Selon les dernières estimations de la FAO, les forêts du monde couvrent 3,8 milliards d’hectares environ, dont 95% de forêts naturelles et 5% de plantations forestières. Plus de 2,5 milliards d’hectares de ces forêts, soit les deux tiers, se trouvent concentrées dans dix pays seulement: Fédération de Russie, Canada, Etats-Unis d’Amérique, Brésil, Pérou, Chine, Indonésie, Angola, République Démocratique du Congo, Australie. Au cours de la décennie 1990-2000, le taux annuel de changement a été de - 0,2%.

Les forêts congolaises couvrent environ 20 millions d’hectares, répartis entre trois principaux massifs: Kouilou- Mayombe, Niari-Chaillu et Nord Congo.

Le potentiel ligneux est estimé à plus de 560 millions de m3 en volume brut exploitable; la capacité de production est de l’ordre de 2 millions de m3 de grumes par an, sans altérer la capacité de régénération de la forêt. A ce potentiel naturel, s’ajoutent environ 53.000 hectares de plantations forestières capables de fournir 4 millions de m3. Le taux annuel de déforestation est relativement faible: 0,1%, soit 17.000 hectares. Le réseau d’aires protégées couvre une superficie de 3,6 millions d’hectares, soit 10,6% du territoire national, et comprend trois parcs nationaux, huiit réserves et trois domaines de chasse.

«Gestion durable» est un concept relativement nouveau dans la science forestière. L’analyse de la législation forestière congolaise en relation avec le contenu de gestion durable est faite sur les quarante deux dernières années; on distingue trois grandes périodes:

- de 1960 à 1970: l’accent est mis sur l’extraction du bois, sa commercialisation, les différentes taxes et redevances à prélever. La dimension aménagement n’est presque pas prise en compte.

- de 1970 à 1990: les premières bases de l’aménagement forestier sont jetées au début de la décennie 70, avec la promulgation de la loi 004/74 du 4 janvier 1974 Code Forestier. Le monopole de l’Etat dans l’économie forestière a constitué le principal handicap dans la promotion de la gestion durable pendant cette période.

- De 1990 à nos jours: cette période correspond à celle de la suppression des monopoles, et donc de la libéralisation des activités forestières. Le nouveau Code Forestier (Loi 16-2000 du 20 novembre 2000) consacre cette politique et renforce les dispositions antérieures relatives à la gestion durable des ressources forestières.
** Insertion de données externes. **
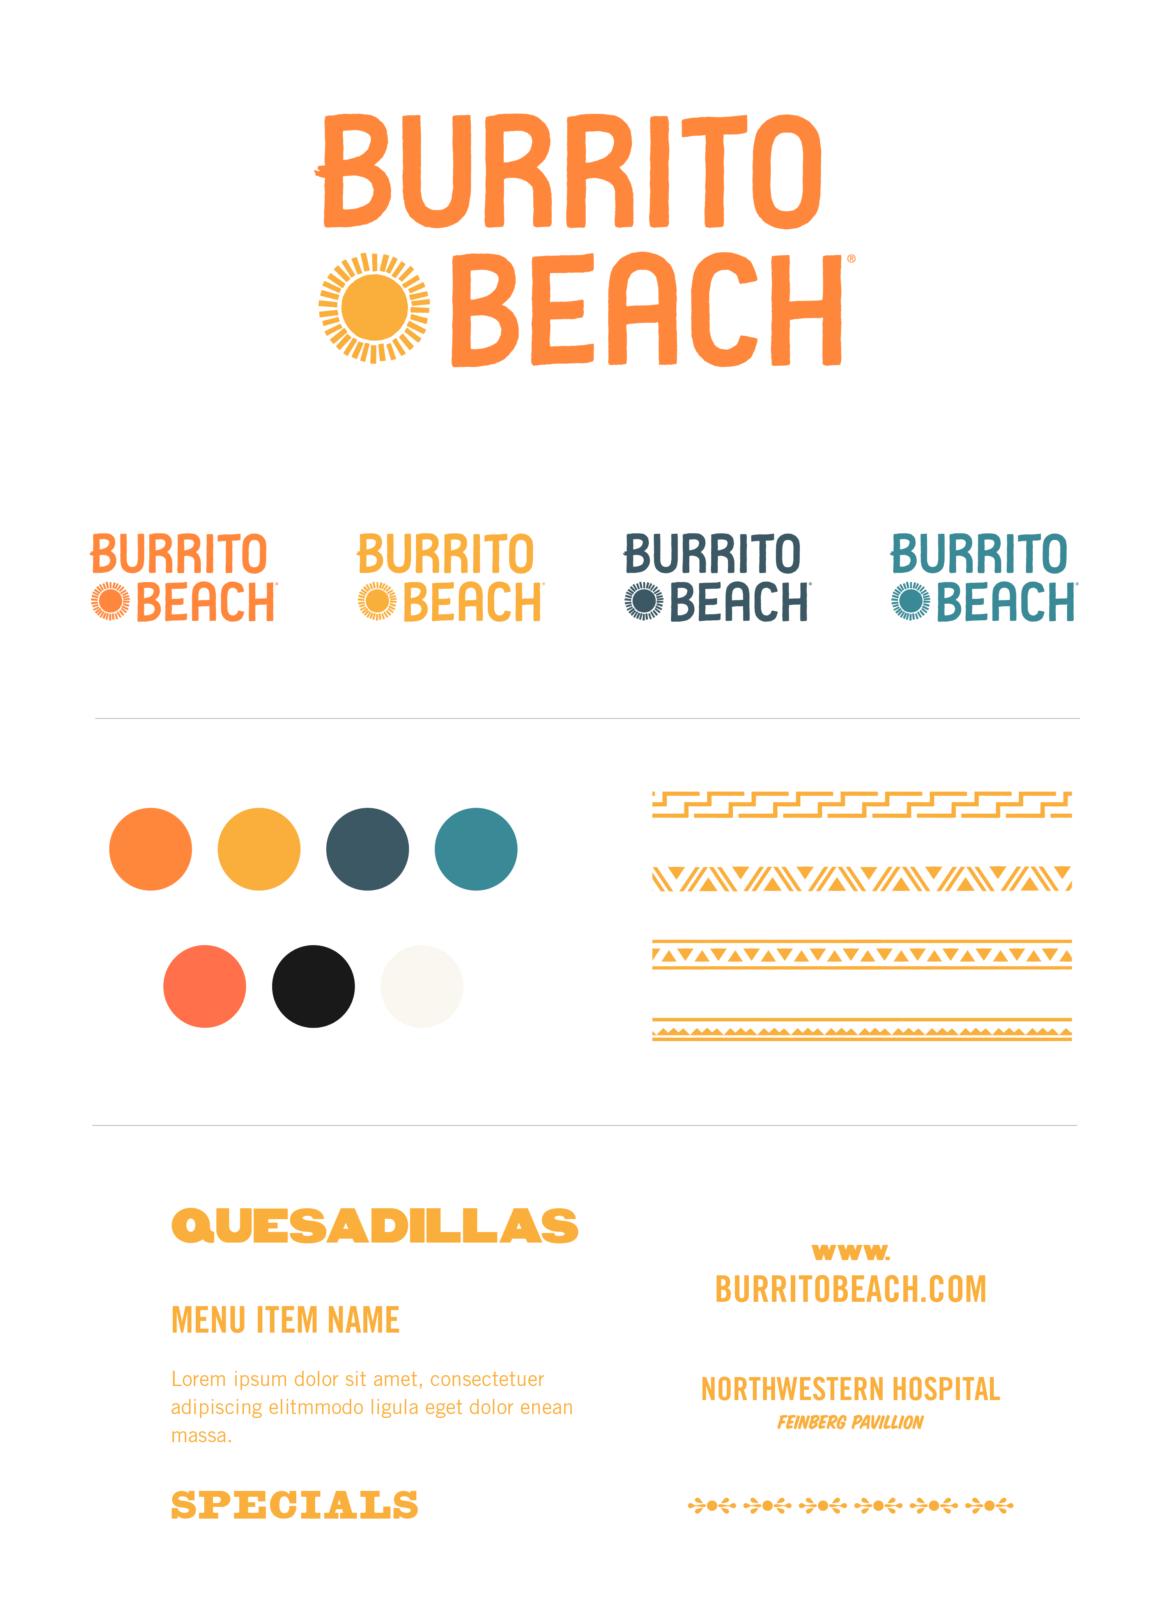 KarenMessing_BurritoBeach_Branding

Selon les dernières indications de la FAO, les taux de déboisement les plus élevés se situent en Afrique et en Amérique du Sud. Ce qui revient à dire que les efforts les plus importants en matière de conservation de la biodiversité doivent être déployés à ce niveau. Or, ces régions sont les plus pauvres en terme d’infrastructures techniques, de capacités intellectuelles, d’où la nécessité d’une coopération internationale franche et dynamique dans les financements des activités forestières. Toutefois, l’efficacité de cette coopération dépend de la capacité et de la volonté des pays concernés à mobiliser leurs ressources propres au profit de la gestion forestière.


1 - SITUATION DES FORETS DU MONDE

Selon les dernières estimations de la FAO, les forêts du monde couvrent 3,870 milliards d’hectares, dont 95 % des forêts naturelles et 5 % de plantations forestières.

La même source indique que plus de 2,5 milliards d’hectares, soit les 2/3 de ces forêts sont situées dans dix pays seulement:

- un en Europe (Fédération de Russie);
- quatre en Amérique: Canada, Etats - Unis, Brésil, Pérou;
- deux en Asie: Chine et Indonésie;
- deux en Afrique: Angola et RDC;
- un en Océanie: Australie.

La répartition par région indique que l’Europe est la région la plus couverte de forêt, tandis que l’Océanie est la moins boisée.

Pendant la période 1990 - 2000, en dehors de l’Europe qui a présenté une modification annuelle positive de 881.000 ha, soit un taux de 0,1 %, toutes les autres régions du monde ont connu une modification négative allant de 364.000 hectares, soit 0,1 % à 5,2 millions hectares (0,8 %).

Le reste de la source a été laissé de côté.